### Provided material
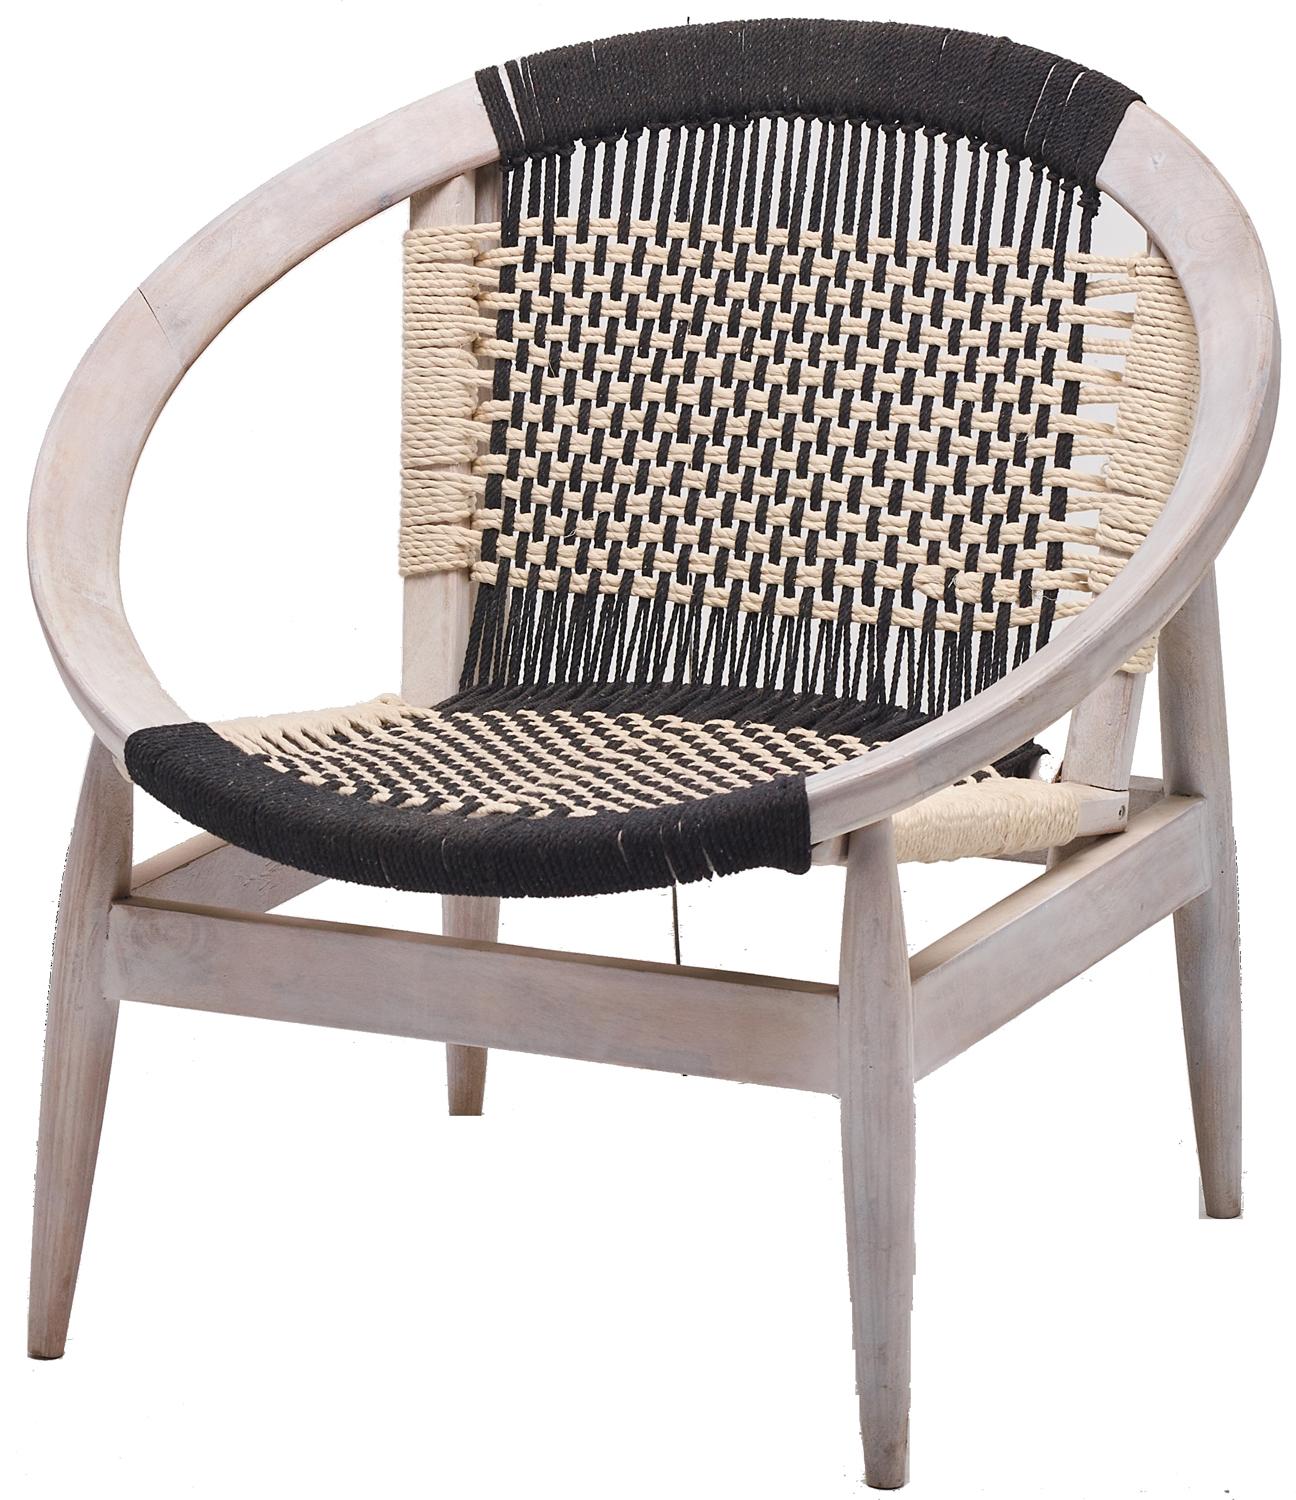 Transitional Chair CAC-81030 Fiona CAC-81030 in whitewash Cotton
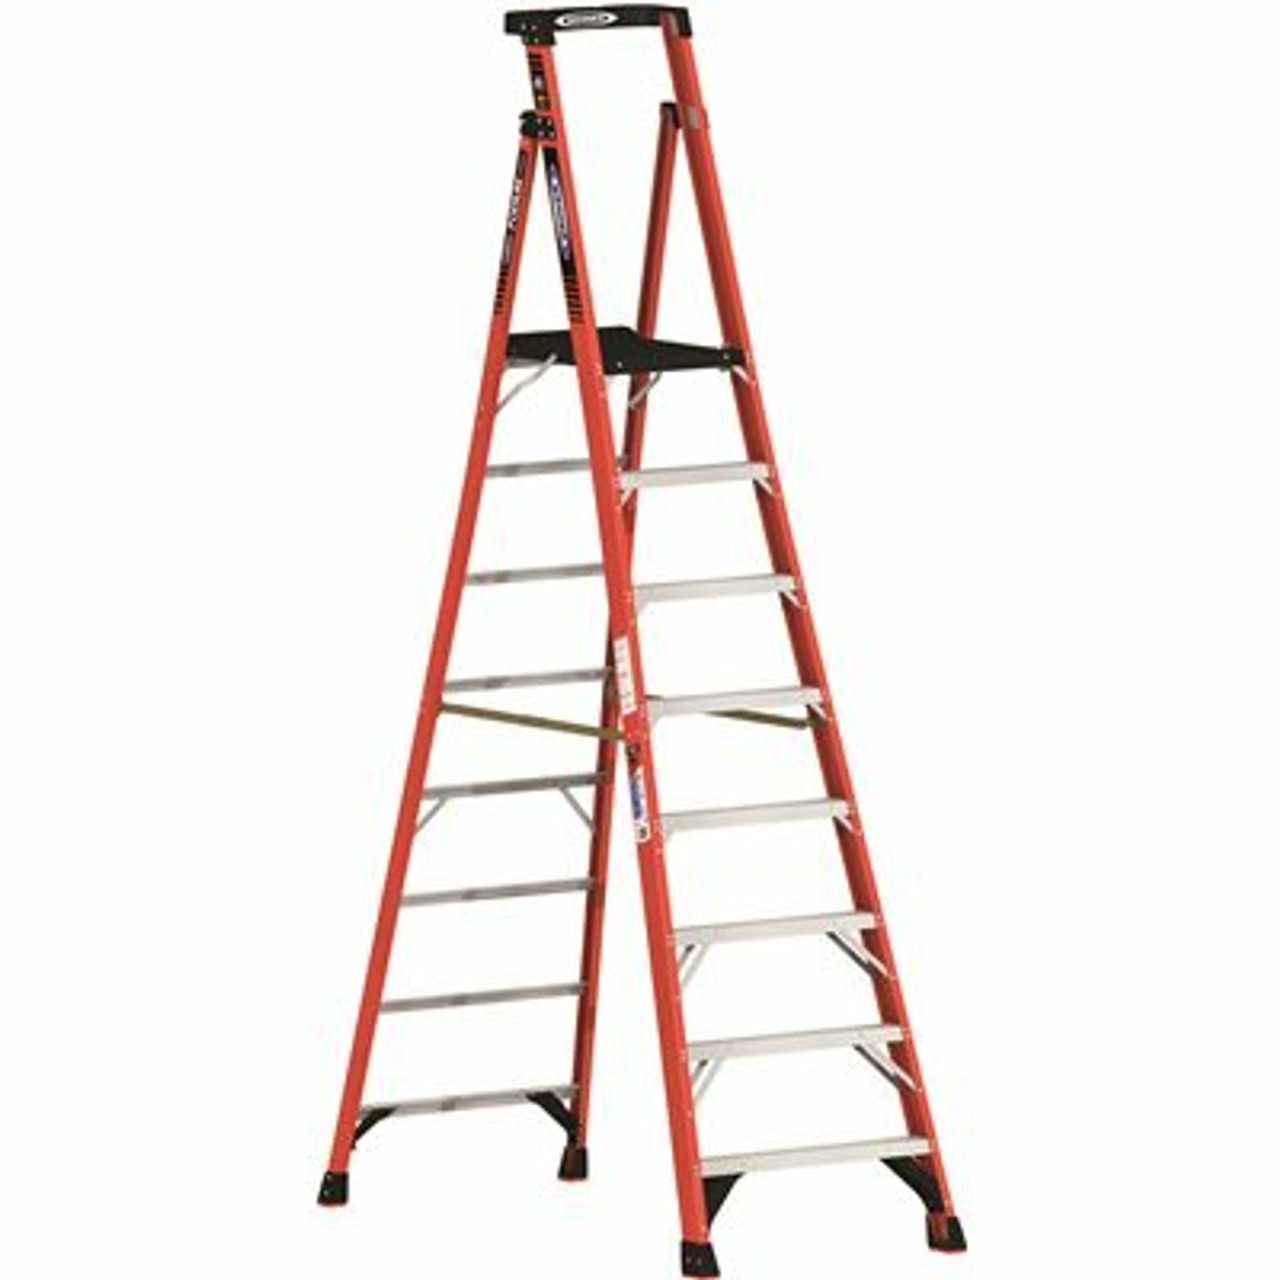 Werner 8 Ft. Fiberglass Podium Step Ladder ( 14 Ft. Reach Height) With 300 Lbs. Load Capacity Type Ia Duty Rating
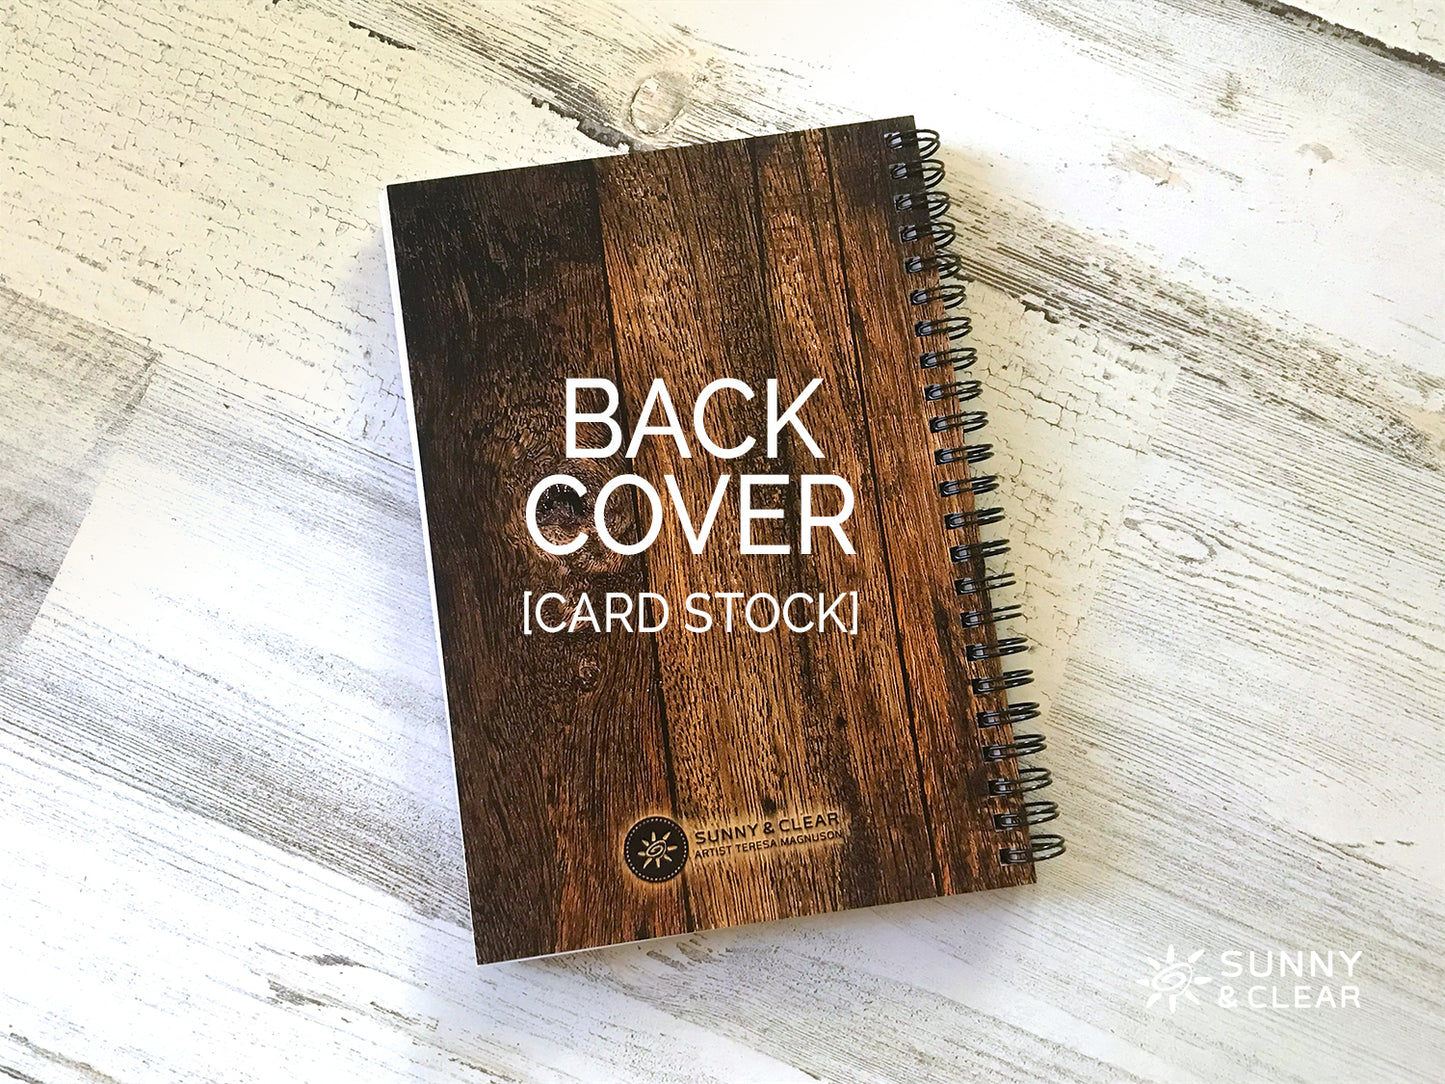 Custom Guestbook Using Your Logo, Personalized Wood Guest Book, AirBNB VRBO

### Task brief
Copy out all the data above exactly as written. Skip the pictures.

### Response to this exercise
 Transitional Chair CAC-81030 Fiona CAC-81030 in whitewash Cotton
 Werner 8 Ft. Fiberglass Podium Step Ladder ( 14 Ft. Reach Height) With 300 Lbs. Load Capacity Type Ia Duty Rating
 Custom Guestbook Using Your Logo, Personalized Wood Guest Book, AirBNB VRBO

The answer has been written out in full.